OPINION
COOPER, Justice.This is a divorce case. The principal issue is the validity of a decree of divorce announced by the trial court on June 21,1974, but not entered until August 28, 1974, two hours after the death of one of the parties.
The plaintiff, Ruth Mae Lavender Vessels, brought suit for separate maintenance, in the Law and Equity Court of Anderson County, against the defendant, Challis Clayton Vessels, who filed an answer and cross complaint for divorce.
The case came on to be tried on June 21, 1974. The parties then announced that the plaintiff was amending her complaint to seek an absolute divorce and that the parties had agreed on a property settlement. On hearing testimony in open court, the trial judge awarded the plaintiff a divorce. No entry was made in the minutes of the court, but the trial judge wrote “divorce granted, property awarded,” and his name and the date on the cover of the court file.
Thereafter, plaintiffs attorney sent a proposed decree to defendant’s counsel for approval. The decree was returned with a cover letter suggesting changes and additions to make the decree conform with the agreement of the parties and the notes in the trial judge’s file.
Plaintiff’s attorney then prepared, approved and forwarded to defendant’s counsel a second decree incorporating all the suggested changes and additions. The date the second decree was forwarded to defendant’s counsel is not shown in the record.
The defendant died at 1:30 p. m. on August 28, 1974. On the same day, at 3:30 p. m., the trial judge signed the decree approved by counsel for both parties and entered it of record. The decree as entered *72shows that the trial judge made a correction to show that the case was heard on the 21st day of June, 1974, rather than “_day of July, 1974.”
On August 29, 1974, counsel for defendant moved that the decree of August 28th, 1974, be entered nunc pro tunc to make it speak as of the date the decree of divorce was announced, June 21, 1974.
On hearing the motion, the trial judge “ruled that the motion was not well taken and should be overruled as not necessary since the court made a notation on the file of the case that the divorce was granted and the property was awarded on the 21st day of June, 1974.”
Counsel for plaintiff then moved to have the decree of August 28, 1974, set aside on the grounds that (a) the decree was entered after the defendant’s death, and (b) there was no agreement that the order was the one pronounced in the cause. This motion was overruled, with the result that the case was appealed.
It is suggested by the motion to set aside the decree and in argument and brief that the decree of divorce entered in this case was not in accord with the agreement of the parties or with the decree announced by the trial judge on June 21,1974. Where these differences exist is not pointed out either in the record or in argument or brief. The record indicates the trial judge had notes in his file relative to the decree made by him. Further, the record shows that the decree submitted to the trial judge and signed by him was approved by counsel for both parties. With the record in this state, we are constrained to hold that the decree entered by the trial judge was the decree pronounced by him on June 21, 1974.
Appellant further insists that the judgment was not effective for any purpose until entry and since defendant was dead at the time of entry, the judgment was entered too late to be effective.
Rule 58.02 of the Tennessee Rules of Civil Procedure provides that “[t]he filing with the clerk of a judgment, signed by the judge, constitutes the entry of said judgment, and, unless the court otherwise directs, no judgment shall be effective for any purpose until the entry of same. . . ” (emphasis supplied) It is noted in the comments of the advisory committee that Rule 58.02 is designed to make uniform across the state the procedure for entry of judgment and to make certain the effective date of a judgment.
In the case sub judice there is no order specifically stating the decree of divorce is to be effective at a date other than the date the decree was filed with the clerk after being signed by the trial judge.
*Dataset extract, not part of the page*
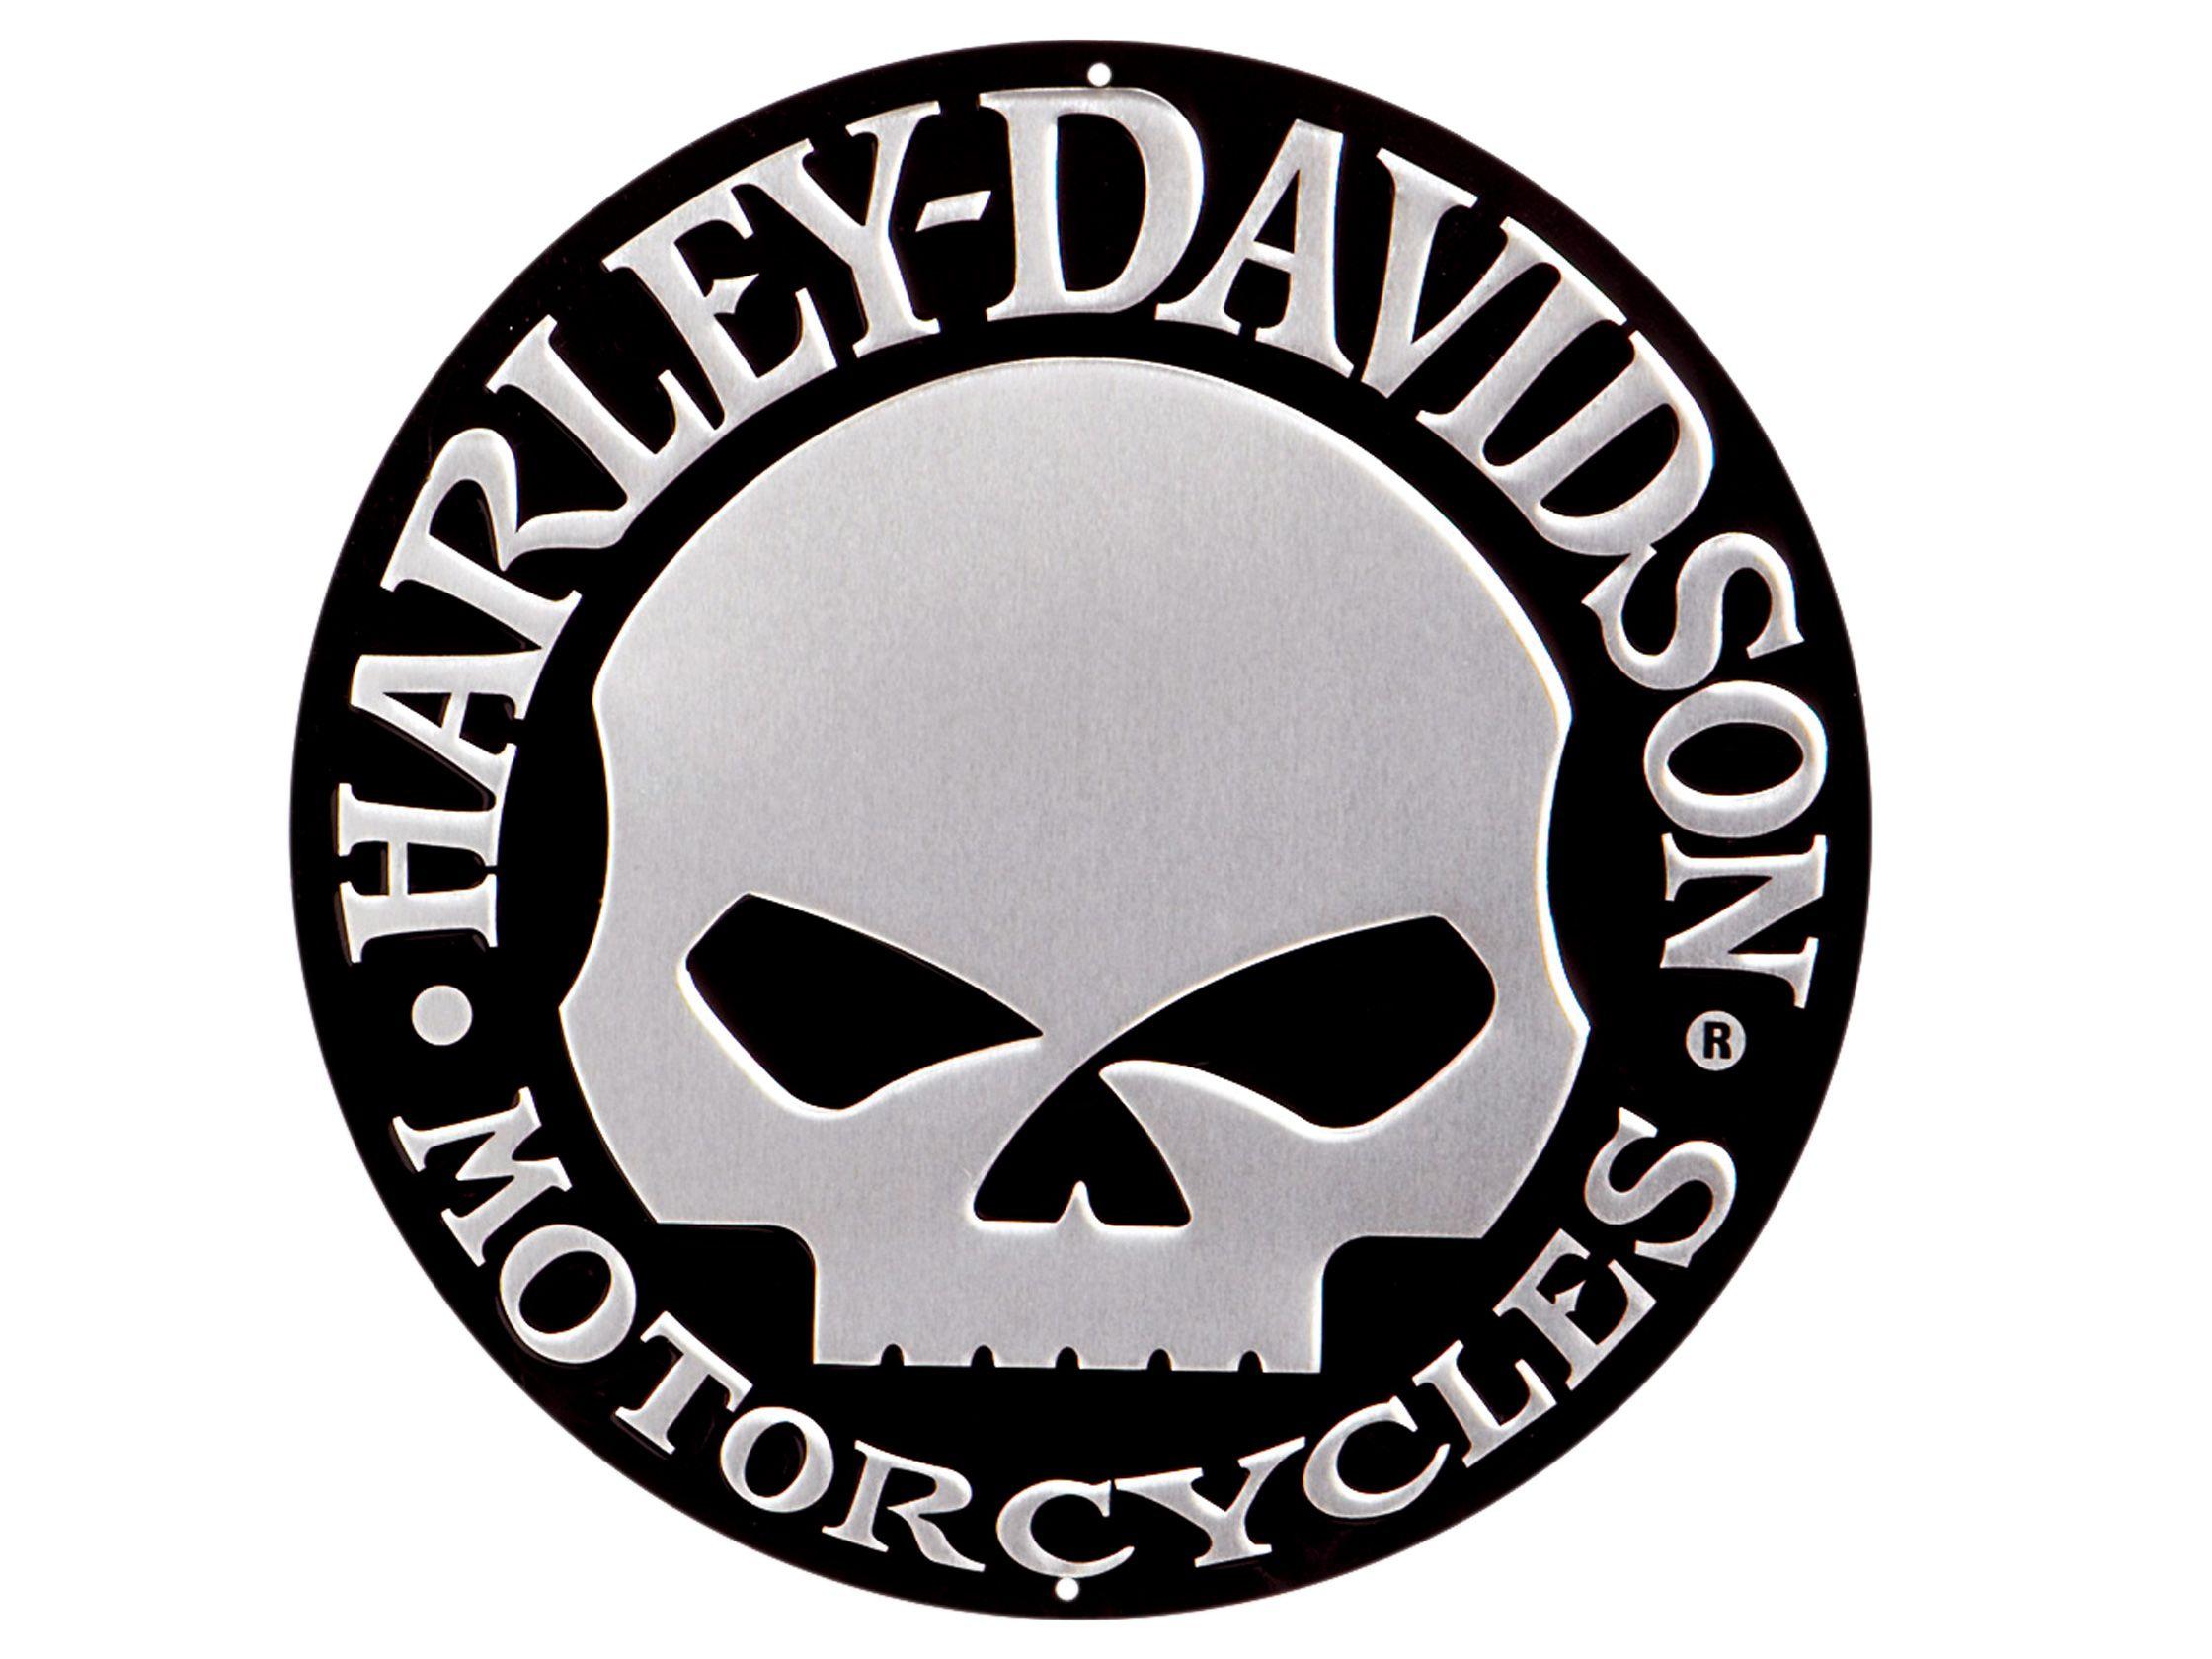 harley davidson number 1 skull logo background 1 hd wallpapers tee rh pinterest com harley davidson 1 logo with skull harley davidson 1 logo with skull

However, there is an order in the record clearly indicating the trial judge intended the divorce decree to be effective as of the date it was pronounced and that he believed he had done everything necessary to make the decree effective as of that date in entering “a notation on the file of the case that the divorce was granted and the property was awarded on the 21st day of June, 1974.” Cf. Rush v. Rush, 97 Tenn. 279, 37 S.W. 13 (1896); McCown v. Quillin, 48 Tenn.App. 162, 344 S.W.2d 576 (1960). This expressed intent, though bottomed on the wrong premise, in our opinion was a direction by the trial court that the decree of divorce be effective as of June 21, 1974. Accordingly, we affirm the trial judge’s action in overruling the motion to set aside the decree of divorce. Costs are adjudged against appellant, Ruth Mae Lavender Vessels, and her surety.
FONES, C. J., HENRY and HARBISON, JJ., and HYDER, Special Justice, concur.